This repository is a replication of the work of Chen and Zimmermann (2022), which highlights the successful replication of anomalies. Their project provides valuable data on firm characteristics and portfolio returns. And many reserachers are using their data in academic research. For the original study and more information, please refer to their project of Open Source Cross-Sectional Asset Pricing.
- Everything in Python (Chen and Zimmermann use Stata and R)

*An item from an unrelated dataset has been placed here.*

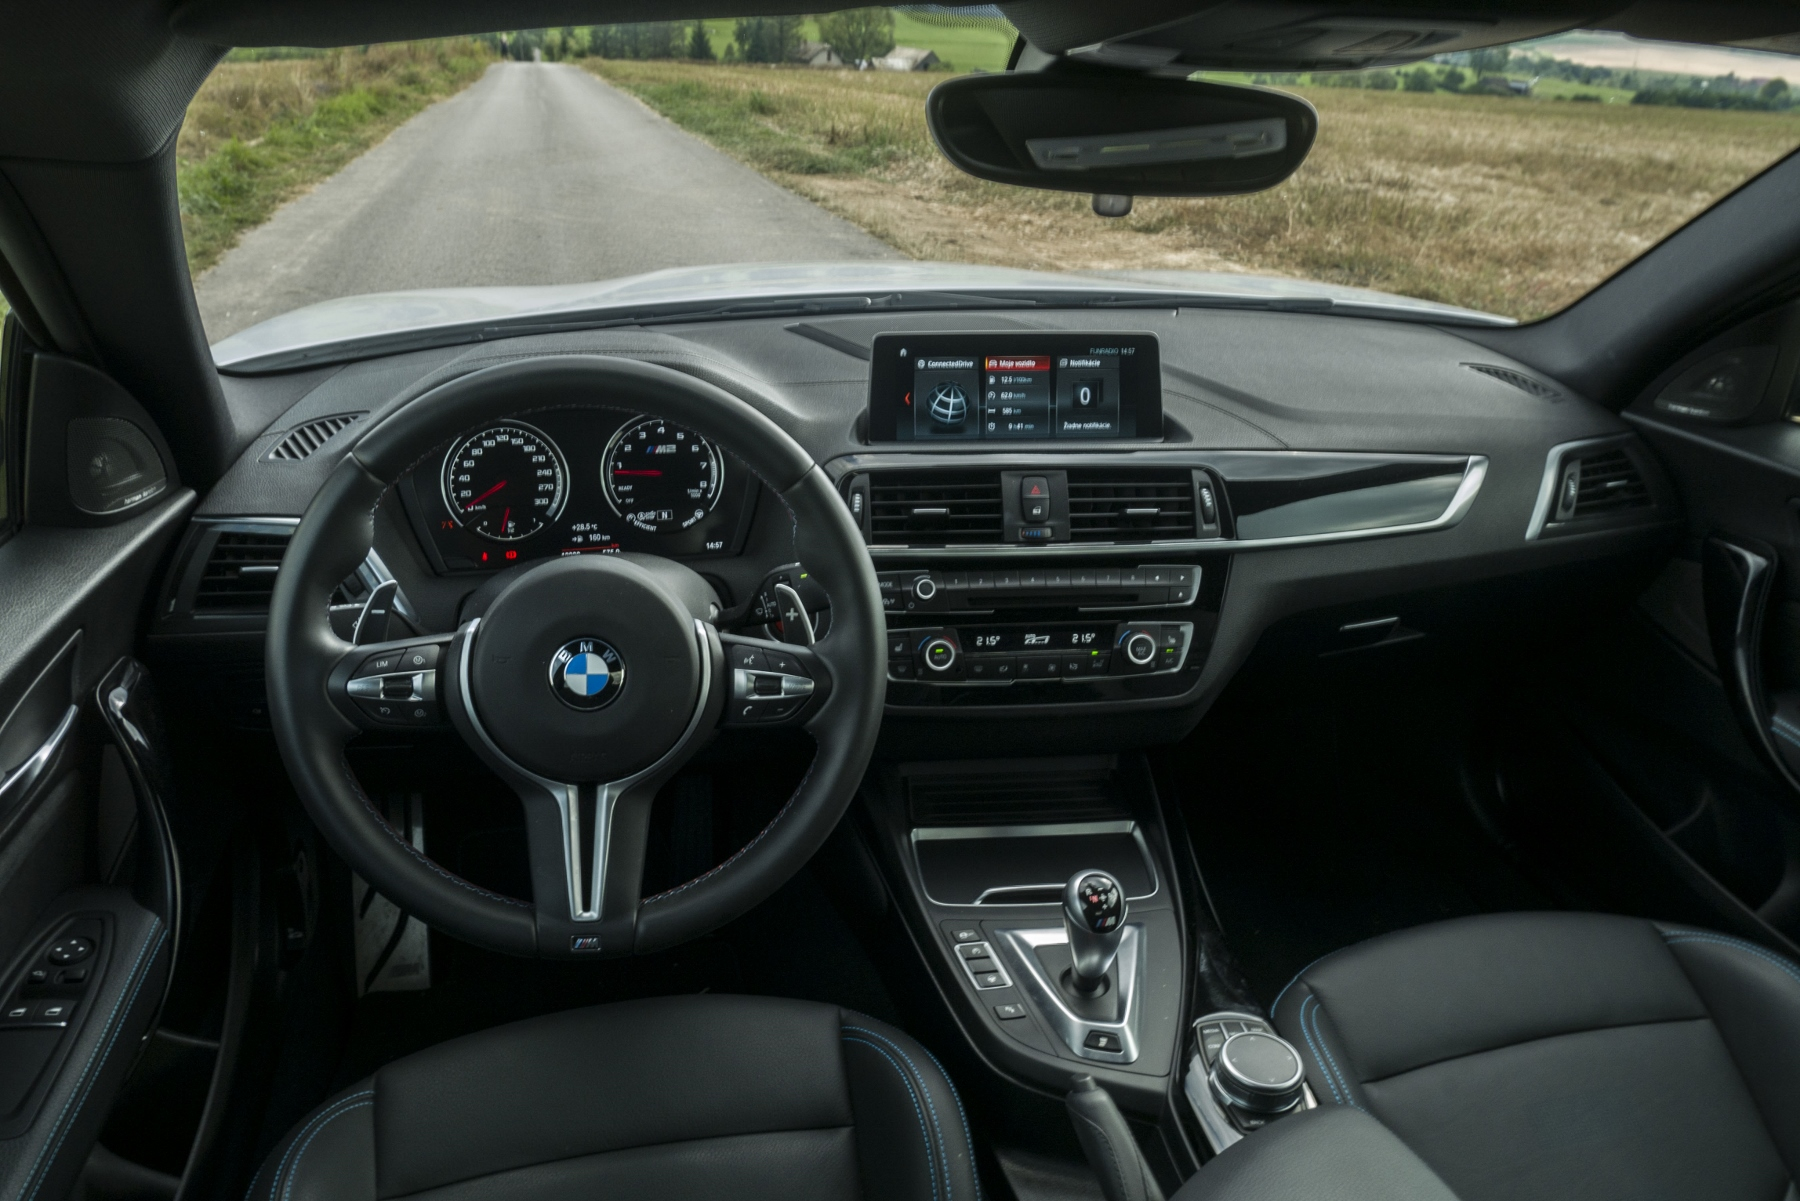 Test: BMW M2 Competition je nálož plná zábavy gRCMRdJCe1 bmw-m2-19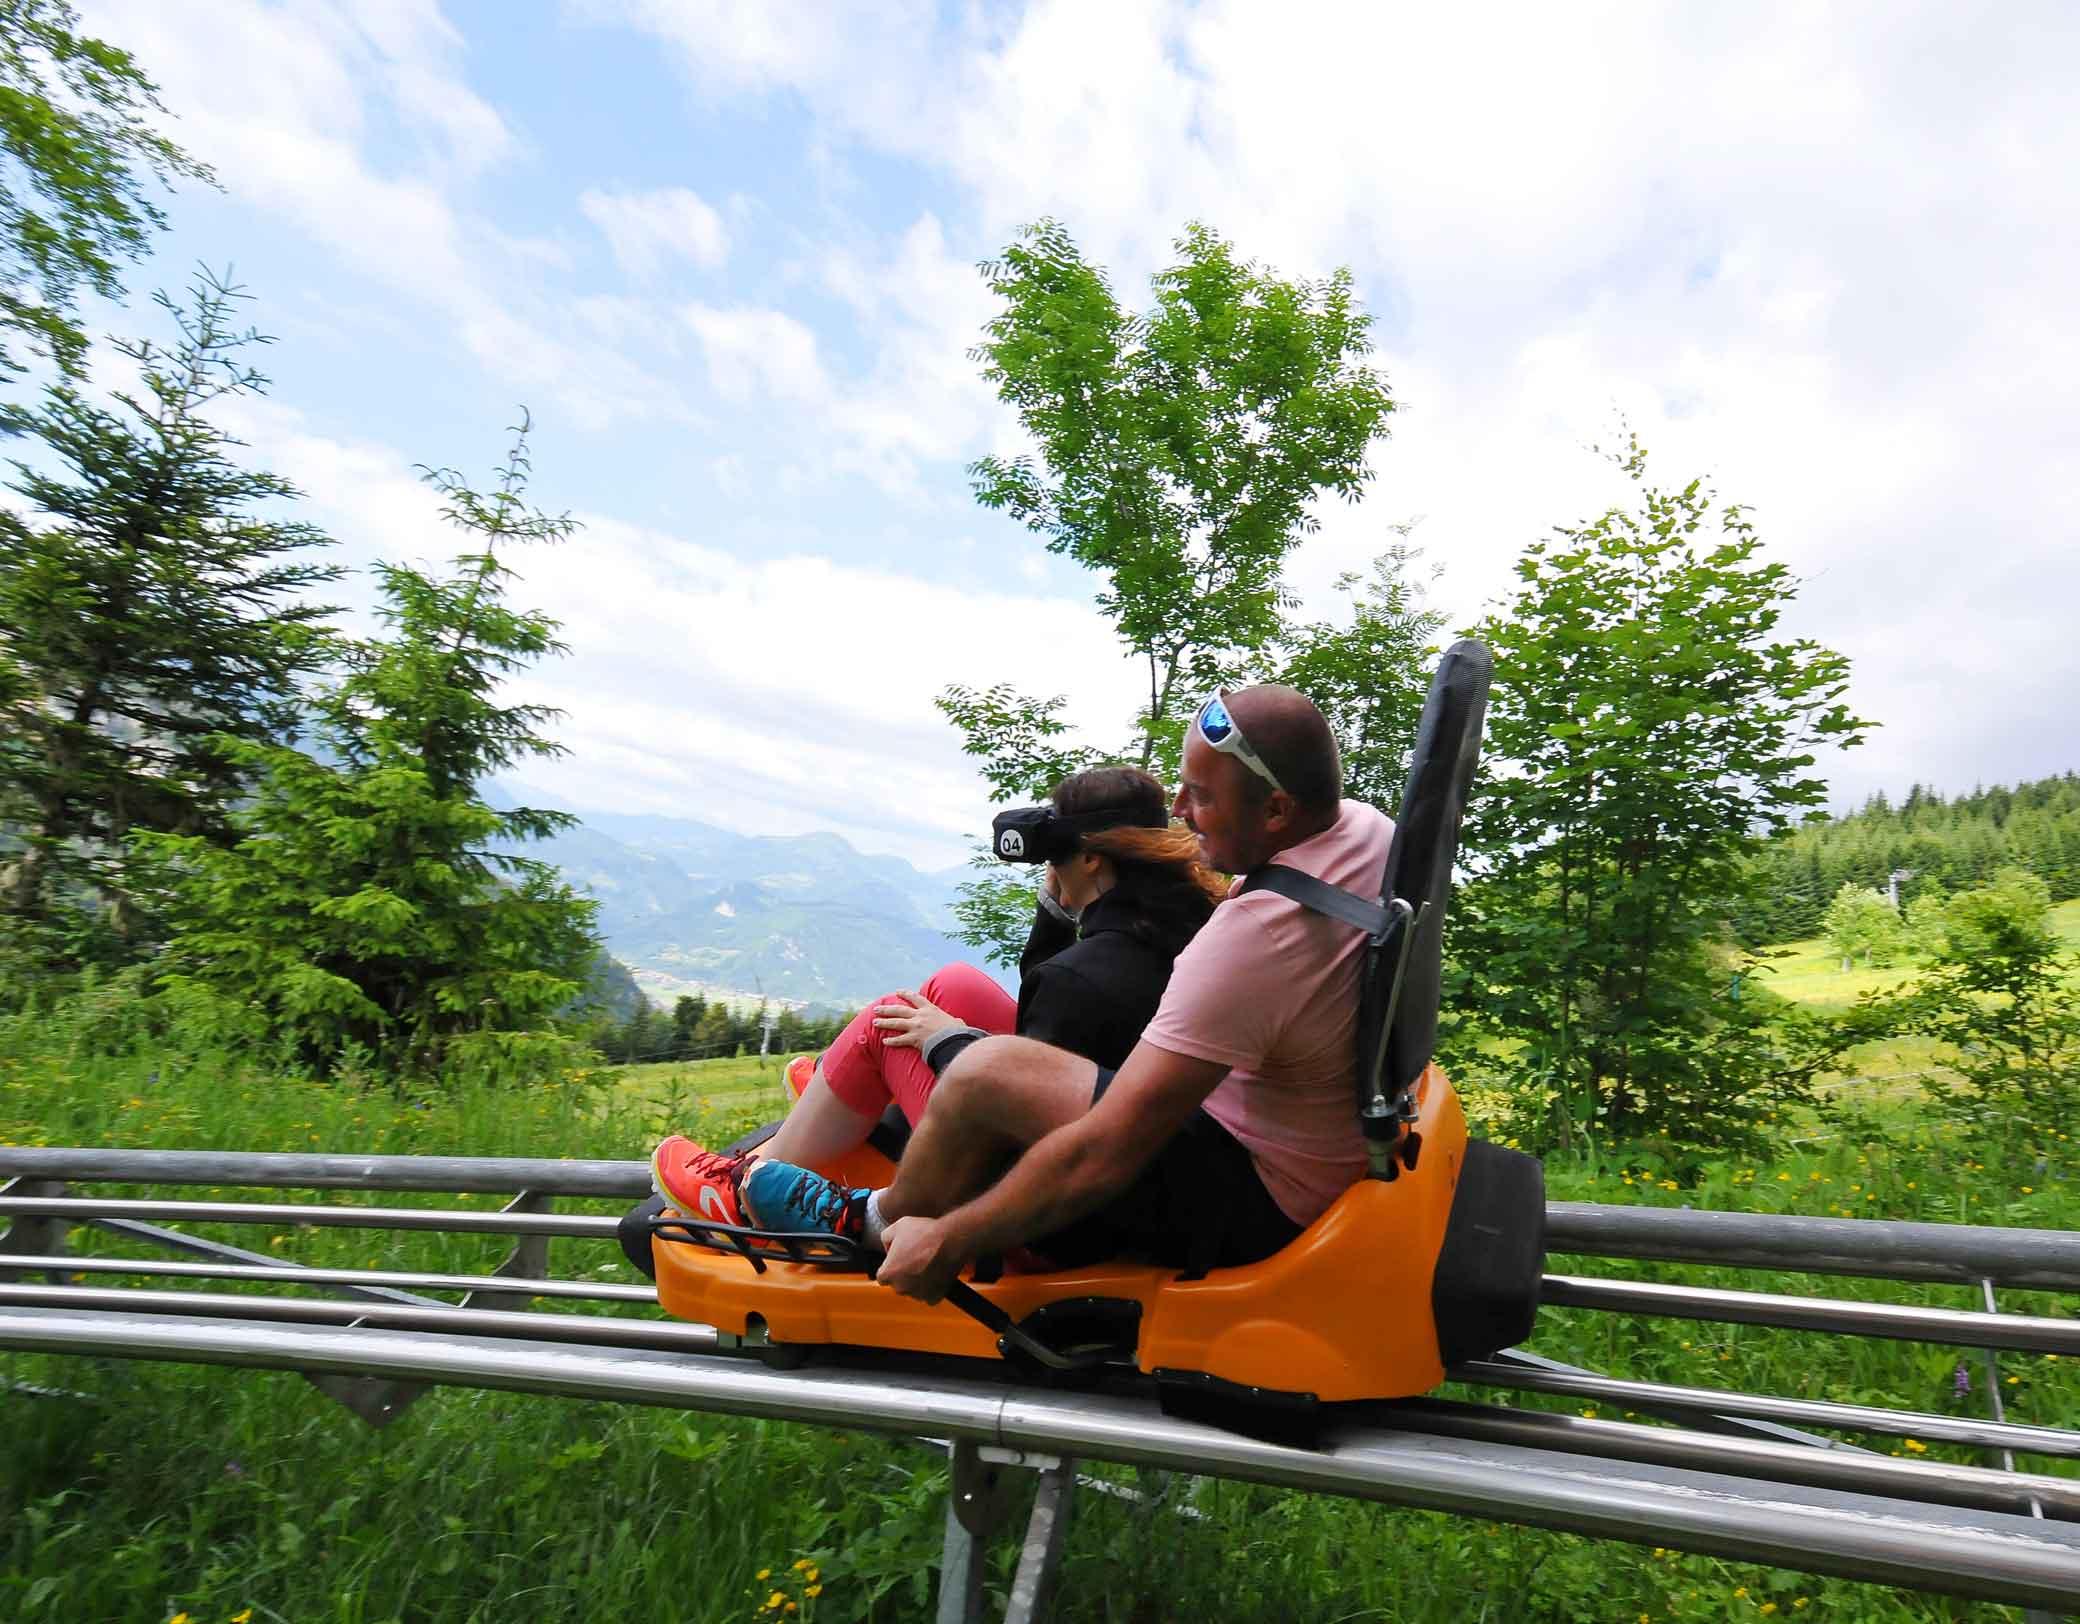 Activité insolite luge sur rails avec casque VR © RDNIS

- Firm characteristics are in parquet format
- Faster read and write speed
- Smaller file size
- For R users, to read parquet data, you can install arrow
package
install.packages("arrow")
- For Stata users, to read parquet data, see this guidance: https://github.com/mcaceresb/stata-parquet
- 96 different ways to compute portfolio returns (see example in step 3 of How to use)
- Easy to update firm characteristics and portfolio returns
I have followed the code structure and firm characteristic definitions outlined in Chen and Zimmermann's work to replicate various anomalies in Python. Specifically, I have replicated anomalies that rely on CRSP or Compustat data. Please note that anomalies requiring data from other sources, such as IBES or OptionMetrics, have not been included in this replication.
There are a total of 138 anomalies. To view the complete list of
anomalies, please refer to the predictors.csv
file.
Warning
- The code has been tested on macOS Sonoma version 14.1 with Python 3.10.13.
- And it is easy to run the bash files in any Linux system.
- Windows users should use with cautions (I do not have windows enviornment to test it)
Before you proceed to run the code, please ensure that you have the following packages installed (the versions used for testing are shown in parentheses).
- numpy (1.26.0)
- scipy (1.11.3)
- pandas (2.1.2)
- pandas-datareader (0.10.0)
- wrds (3.1.6)
- python-duckdb (0.9.1)
- statsmodels (0.14.0)
- joblib (1.3.2)
- pandarallel (1.6.5)
- numba (0.58.1)
You can obtain the code in two ways:
Option 1: Clone the repository using the following command:
git clone https://github.com/mk0417/anomalies-replication-python.git
Option 2: Download the ZIP file by following these steps:
- Click on the "Code" button at the top right with a green background.
- Select "Download ZIP."
- Unzip the downloaded file.
Important
Data is extracted from WRDS cloud and you need to change the WRDS username
- Open the file of
functions.py
undercode
directiry - Move to line 33
- Replace 'change to your wrds username' with your WRDS username (keep the quotation mark)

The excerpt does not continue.